The Seattle Mariners have a 15-17 record after their first 32 games – which happens to be the 20-percent mark of their 2015 season – and it’s been a bumpy ride for a team that was projected to be a serious World Series contender by many national pundits. With such a small sample size of data, it’s still too early to put much credence into the statistical aspect of the team’s struggles. With that said, comparing a 20-percent sample against a player’s career history may help clarify a fan’s expectations for the team in 2015.
The main contributor for distress among the Mariners’ fan base has been the team’s offensive production – their four runs-per-game average (R/G) is ranked twelfth in the American League. Many pundits and fans alike believed that adding the bats of Nelson Cruz, Seth Smith, Justin Ruggiano, and Rickie Weeks to complement holdovers Robinson Cano, Austin Jackson, Logan Morrison, and Kyle Seager would help the team climb above the league-average mark in R/G, which currently stands at 4.39. So, what’s the problem with this team’s lineup?
The three-through-six spots have a combined .825 on-base plus slugging percentage (OPS), which is second-only to the Kansas City Royals in the American League. Granted, it helped having a clean-off hitter – Cruz – producing at such a torrid rate while Cano, Seager, and Morrison under-performed during April. But, there are signs of a turnaround from the trio.

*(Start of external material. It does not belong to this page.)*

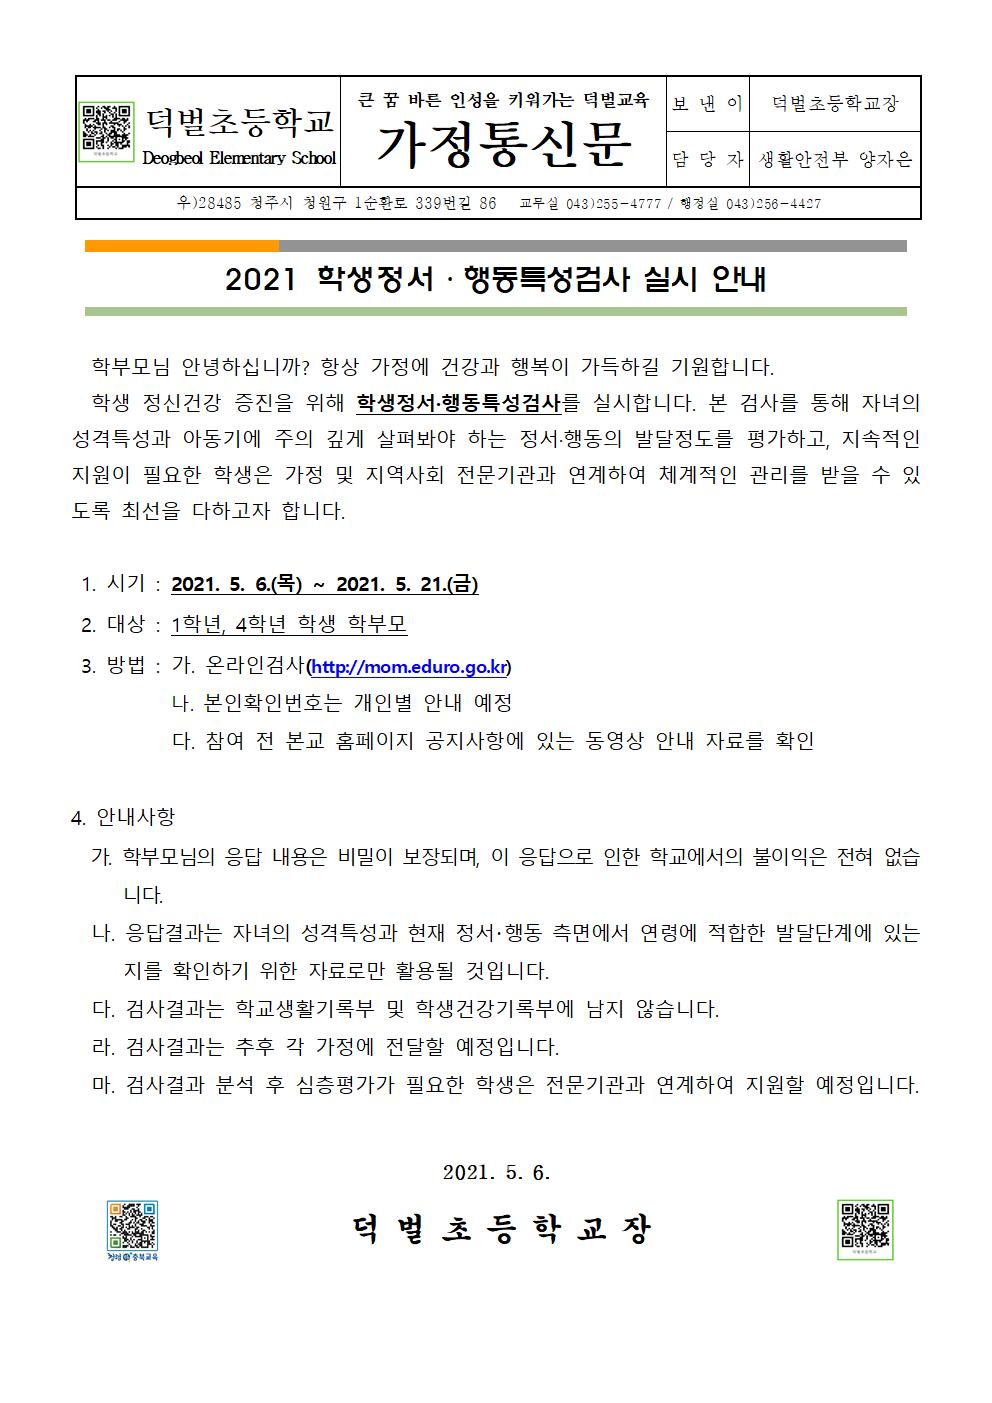 2021. 학생정서행동특성검사 가정통신문001

During the last 11 games, Cano has a .326/.375/.395 triple slash– batting average/on-base percentage/slugging percentage – while Morrison is at .300/.404/.775 with five home runs during the same time-frame. Seager’s numbers are still below expectations, although his .244 batting average is actually one point higher than his 2014 average after 32 games. Since Seager has a proven track record, there’s no reason for alarm about the all-star third baseman so early in the season. The bottom line is that the middle-of-the-order will be fine. The rest of the batting order, however, isn’t getting the job done.
Rest of the bunch
The top two spots and last three spots in the batting order have combined for an anemic .217/.274/.358, which is well below the league-average of .252/.316/.396 for all players. Having such a tremendous drop-off in production in the five consecutive spots after Morrison isn’t acceptable for a team with postseason aspirations.

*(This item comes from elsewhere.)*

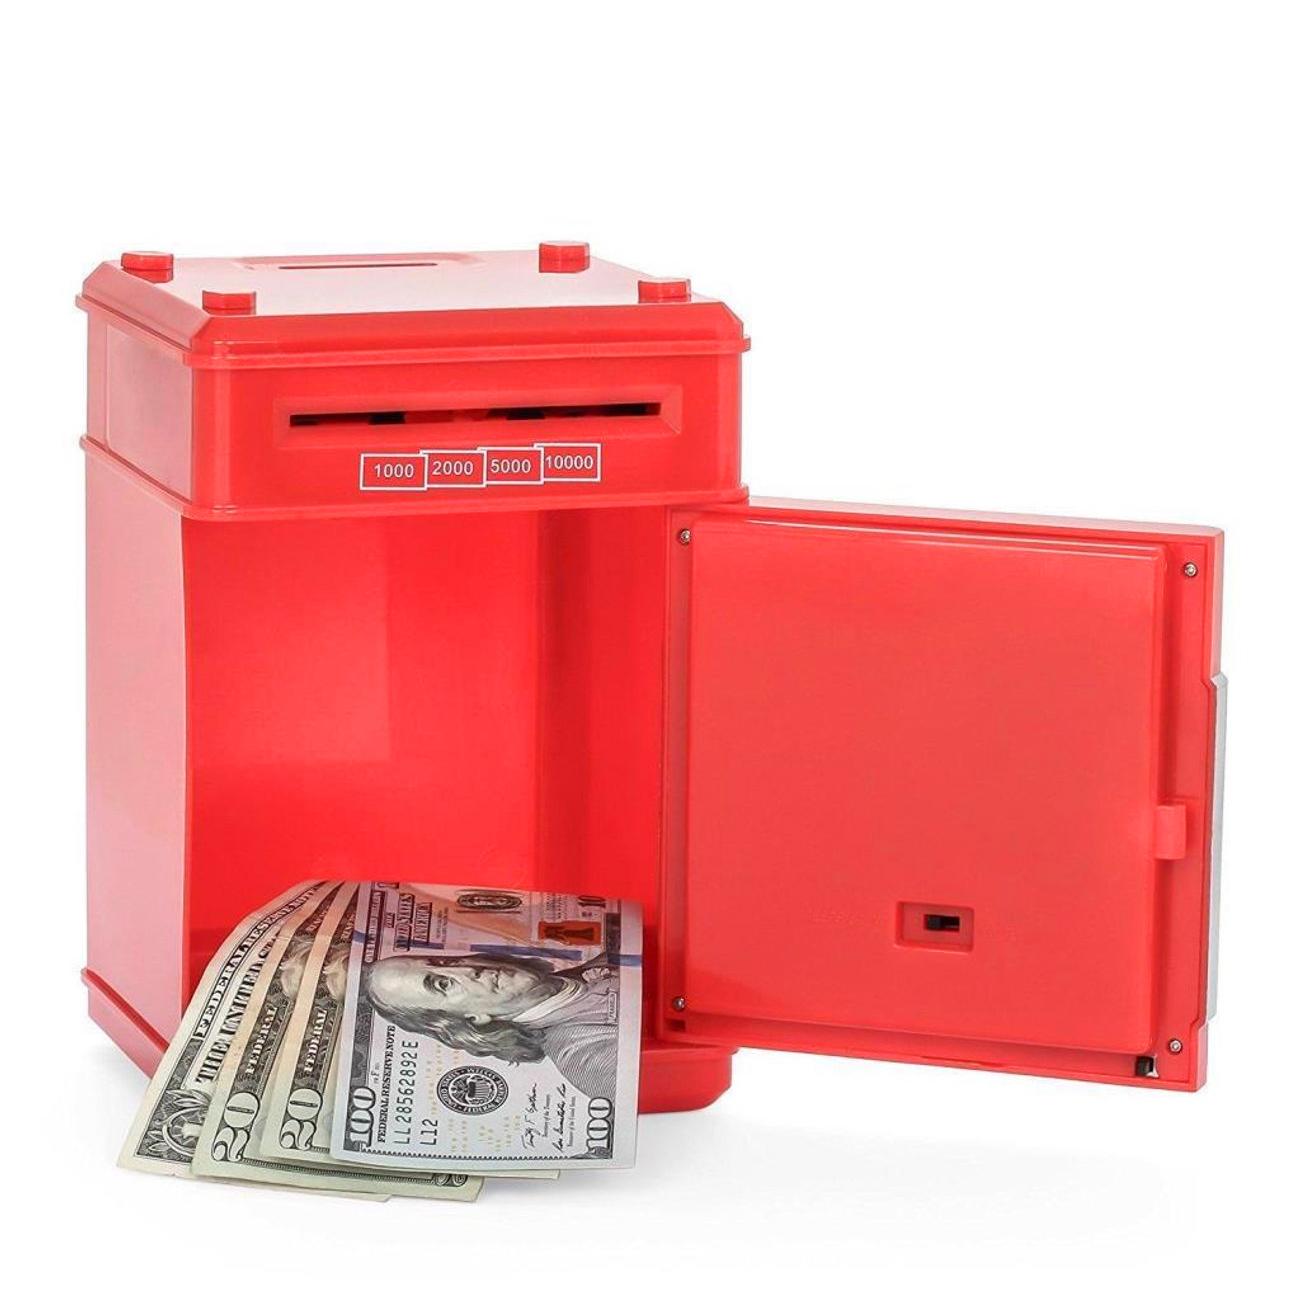 Игрушечный сейф копилка музыкальная с электронным купюроприемником UFT Cashbox Red

During the first 20-percent of the season, the only constant to the lineup has been the positions held by Cano, Cruz, Seager, and Morrison. The other five spots have varied from game-to-game as manager Lloyd McClendon has attempted to find the right mix of players. Since the line-up has been in a state of flux, let’s look at the team’s offense position-by-position rather than line-up spots. I’m forgoing a review of the positions held by Cano, Cruz, Seager, and Morrison since I’ve already discussed these players.
Note: the numbers in parenthesis next to each position are the cumulative statistics for every player who has played the position, while they were playing the position. Individual statistics encompass a player’s total production regardless of position played.
Left field (.209/.285/.327)
Dustin Ackley (.198/.221/.346) has been the primary left fielder with Weeks (.196/.317/.333) getting the second most plate appearances. Ackley, who has a reputation for slow starts and being a streaky hitter throughout his four-year career, is off to another extremely slow start again. He’s been used primarily against right-handers and that hasn’t helped his performance at the plate. There’s not much left to say about the left-handed hitter. His numbers are not commensurate with those of a major-league starter.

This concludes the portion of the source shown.